Hellwig echoes Sweeney’s assessment that Cedarville offers unique experiences for students pursuing healthcare careers. He estimates that out of 350 accredited athletic training programs, Cedarville students are in a select group of only a handful of programs that can give students access to this kind of technology.

Evan Hellwig
Evan Hellwig

Cedarville University, located in northwest Ohio, just announced its tenth president, Thomas White, Ph.D. Cedarville started as a liberal arts school but now offers the full gamut of programs many Christian colleges or universities do not. Currently, Cedarville enrolls 3,400 undergraduate students, but the university has a vision to enroll 10,000 students, 4,000 undergraduates and 6,000 online, adult and graduate students, by the year 2020.

“We are a Christ-centered learning community that is Biblically based. Cedarville University is training professionals in many disciplines to be the best in their profession,” said Mark D. Weinstein, Executive Director of Public Relations. “Our approach to Christ-centered education is founded upon academic rigor and quality in everything we do. Students embrace the challenge of being excellent because it honors Christ.”

Sweeney adds, “In comparison to state universities, we’re not a huge campus. But when you have a smaller group the opportunities for collaboration are much greater than when you have huge institutions. That’s something unique to Cedarville—we’re at the table talking and discussing integrating at the faculty and student level.”

Conway described an example of this integration.

“This past year one of the pharmacy faculty and nursing faculty were teaching basic level research courses together,” she says. “They planned classes together and taught classes together in a team approach. In the end the students had a research presentation and had to present the rationale from a nursing approach and a pharmacy approach. Students are recognizing each other and the need to work together.”

Cedarville students aren’t stuck in labs all day. Melissa McNicol, a graduate student from Beaver, Pa., in the Doctor of Pharmacy program, is working in a retail pharmacy.

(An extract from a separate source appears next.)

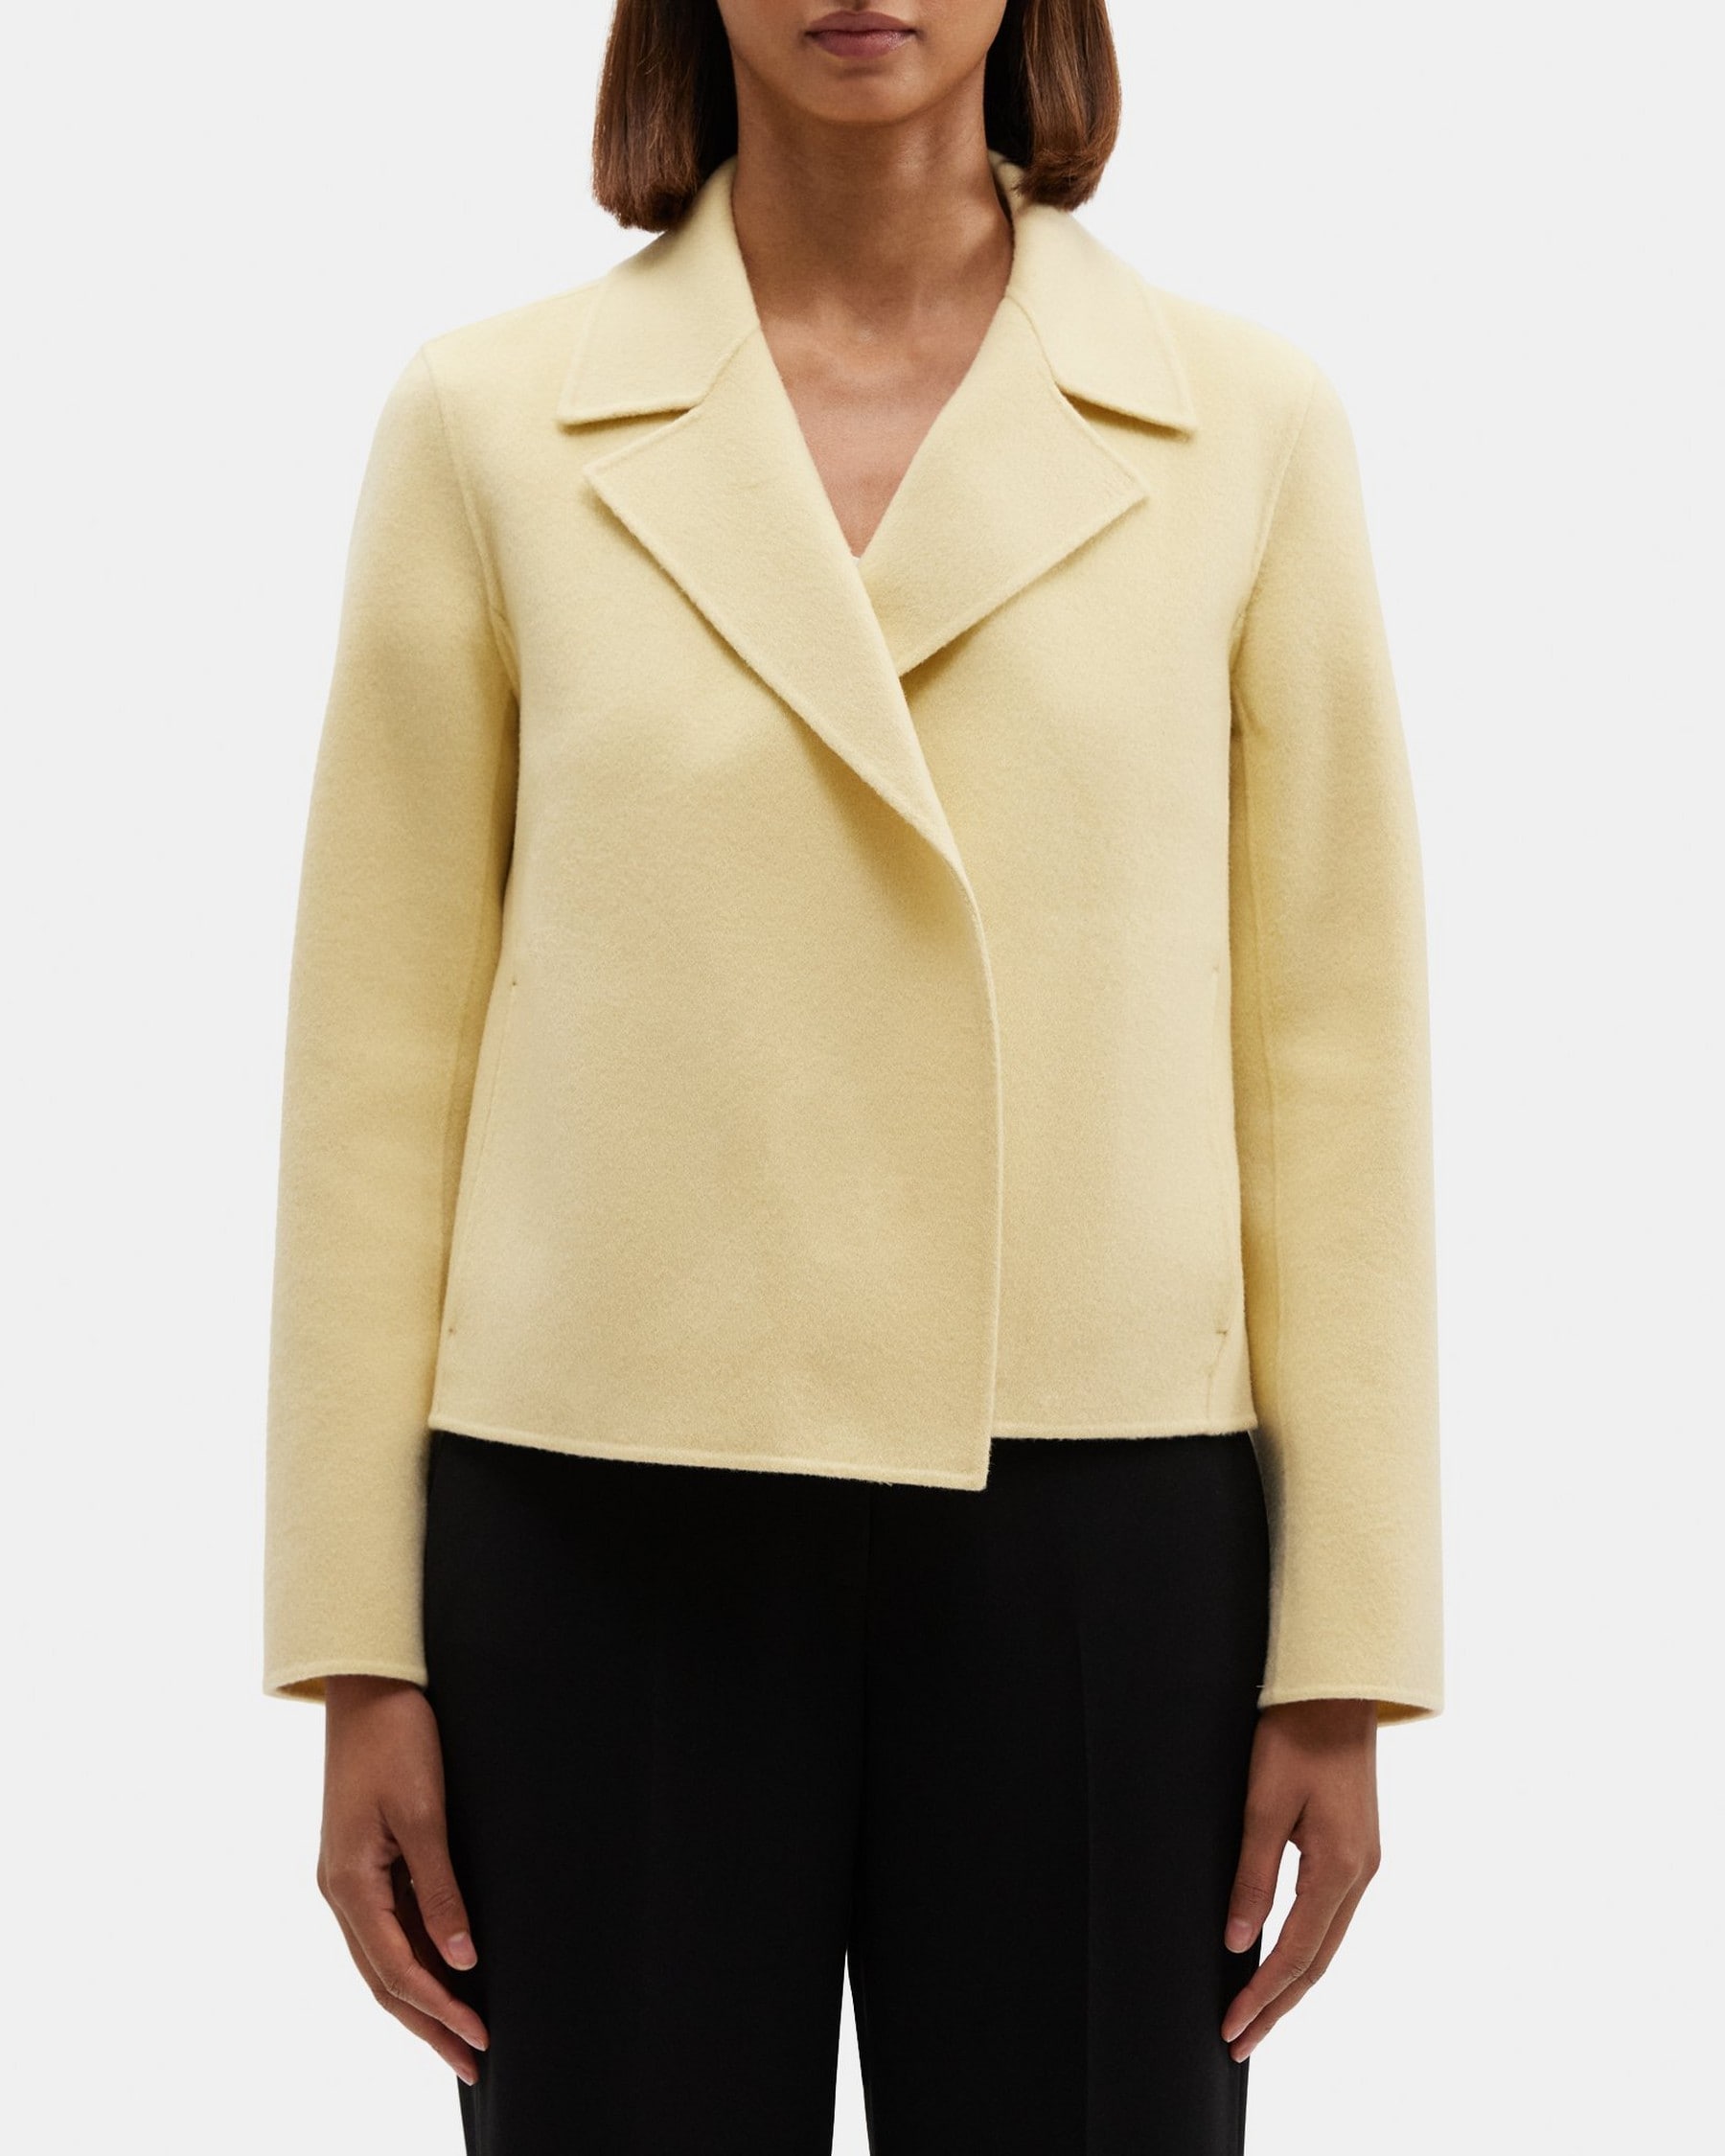 띠어리 Theory Cropped Open Front Jacket in Double-Face Wool-Cashmere,BUTTER YELLOW

“We are given the opportunity to experience all types of pharmacy practice before we graduate, “ says McNicol. “We have already completed two rotations through retail pharmacies, both chain and independent. Next year we will do two rotations in hospitals, and then our last year of school will be all rotations. This will allow us to be able to have experiences in all types of pharmacy practice and determine which area is the best fit for us.”

Students also get experiences at community health fairs and service learning projects. Here they get hands-on experience with interdisciplinary care.

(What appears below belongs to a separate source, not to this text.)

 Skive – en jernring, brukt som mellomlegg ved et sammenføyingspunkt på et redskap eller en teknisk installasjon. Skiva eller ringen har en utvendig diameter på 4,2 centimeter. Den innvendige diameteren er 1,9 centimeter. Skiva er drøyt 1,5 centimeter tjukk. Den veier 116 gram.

“When we participate in community screening events, health fairs, it’s interdisciplinary students and faculty doing this. They are just students taking care of patients, not looking at their disciplines,” explains Sweeney.

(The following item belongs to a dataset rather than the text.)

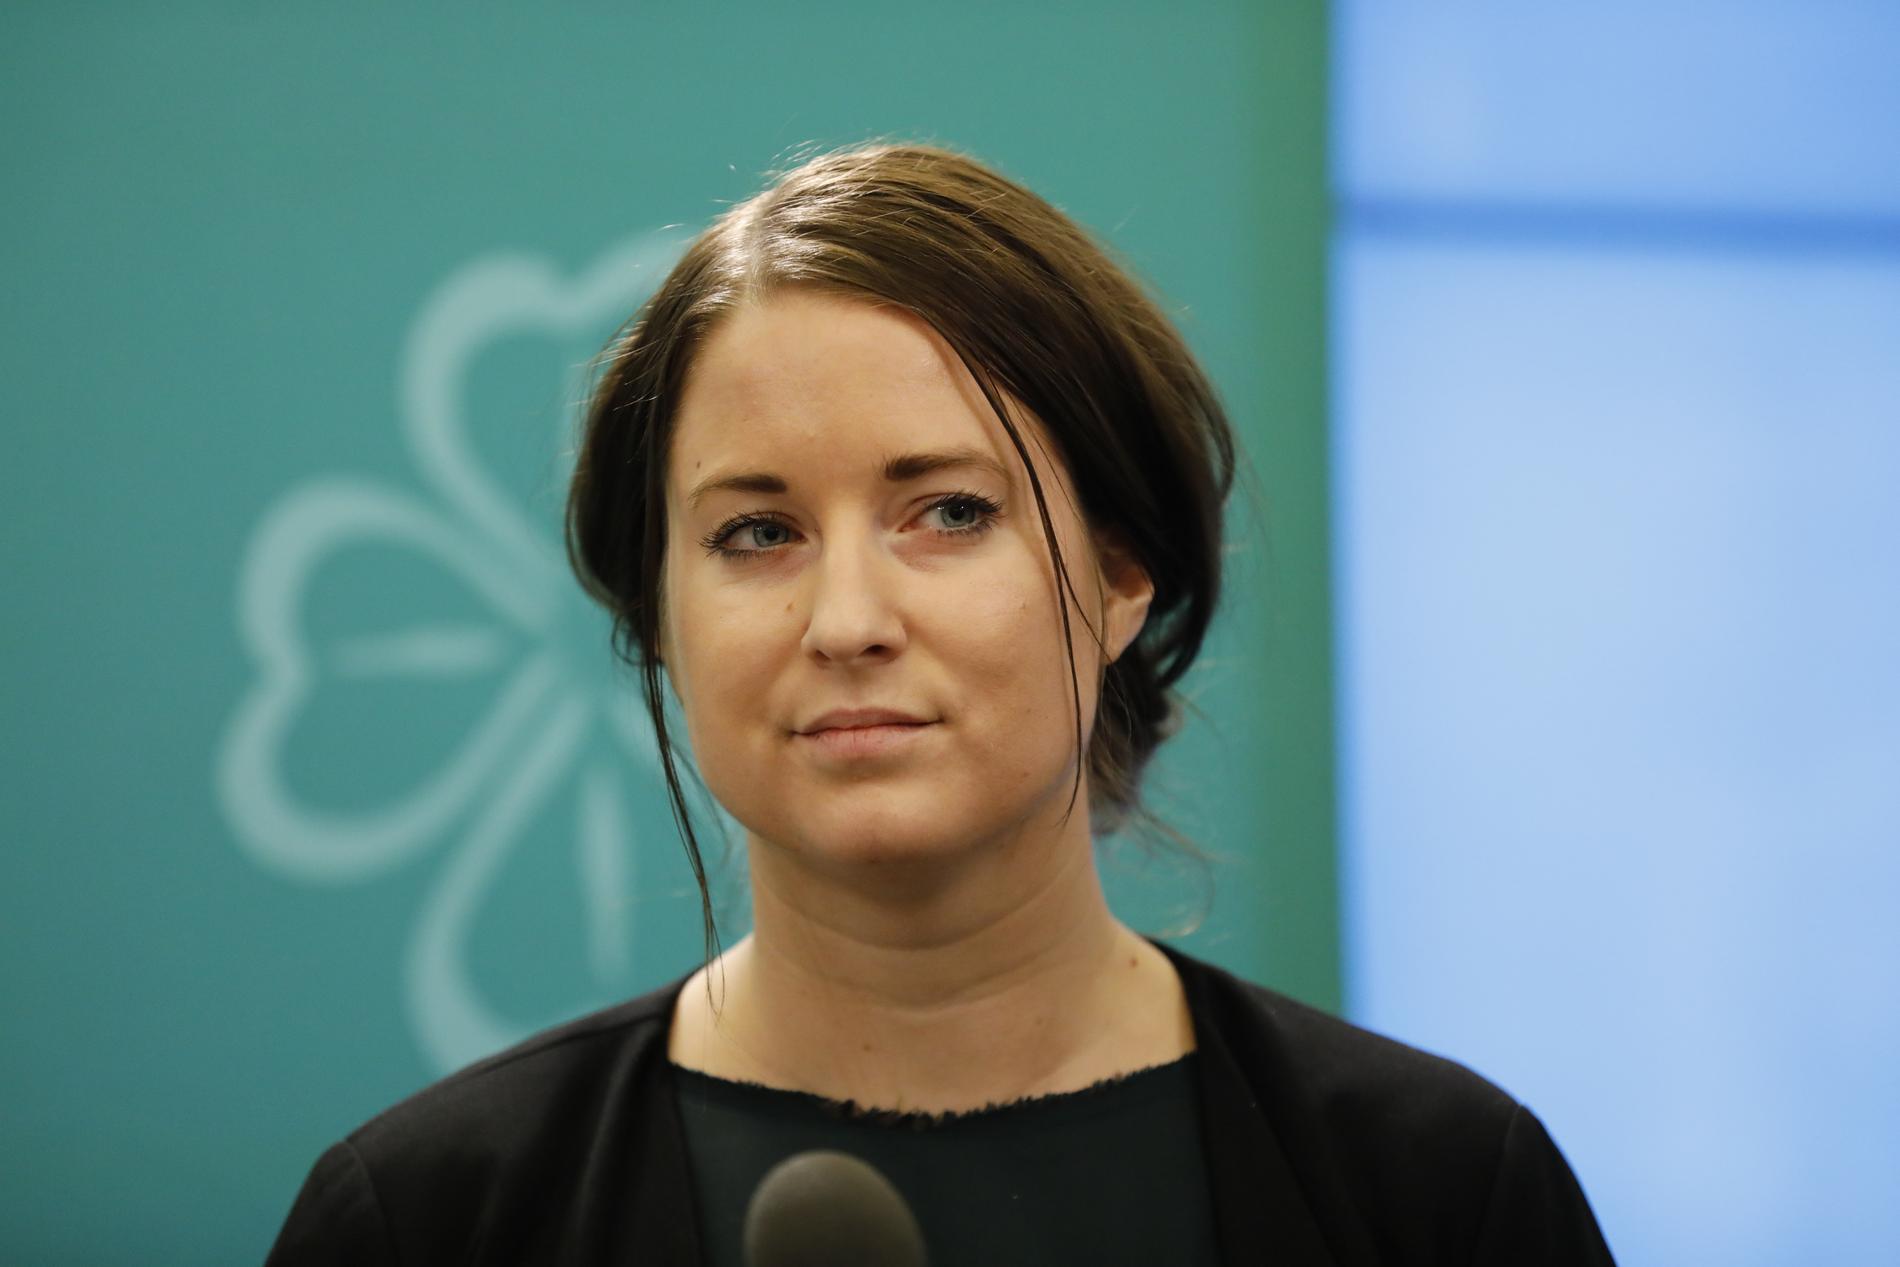 Emma Wiesner (C) är den färskaste svenska ledamoten av EU-parlamentet efter att under vintern ha ersatt avhoppade partikamraten Fredrick Federley. Arkivfoto.

“Also, in nursing we are sharing with other disciplines some service learning projects where students work with outside agency or client project to work on problem, these kinds of projects can be handled in interdisciplinary ways,” says Conway. “Last year at an industrial business, students worked with the vendors on snack machines and identified healthy foods. They got the vendor to bring in healthy foods for the workers. It is unheard of in years past for students to have an influence in care. A year ago they worked on blood pressure screening; this year it was nutrition. They are supporting the nurse at the facility, asking what are the problems, how can we help you?”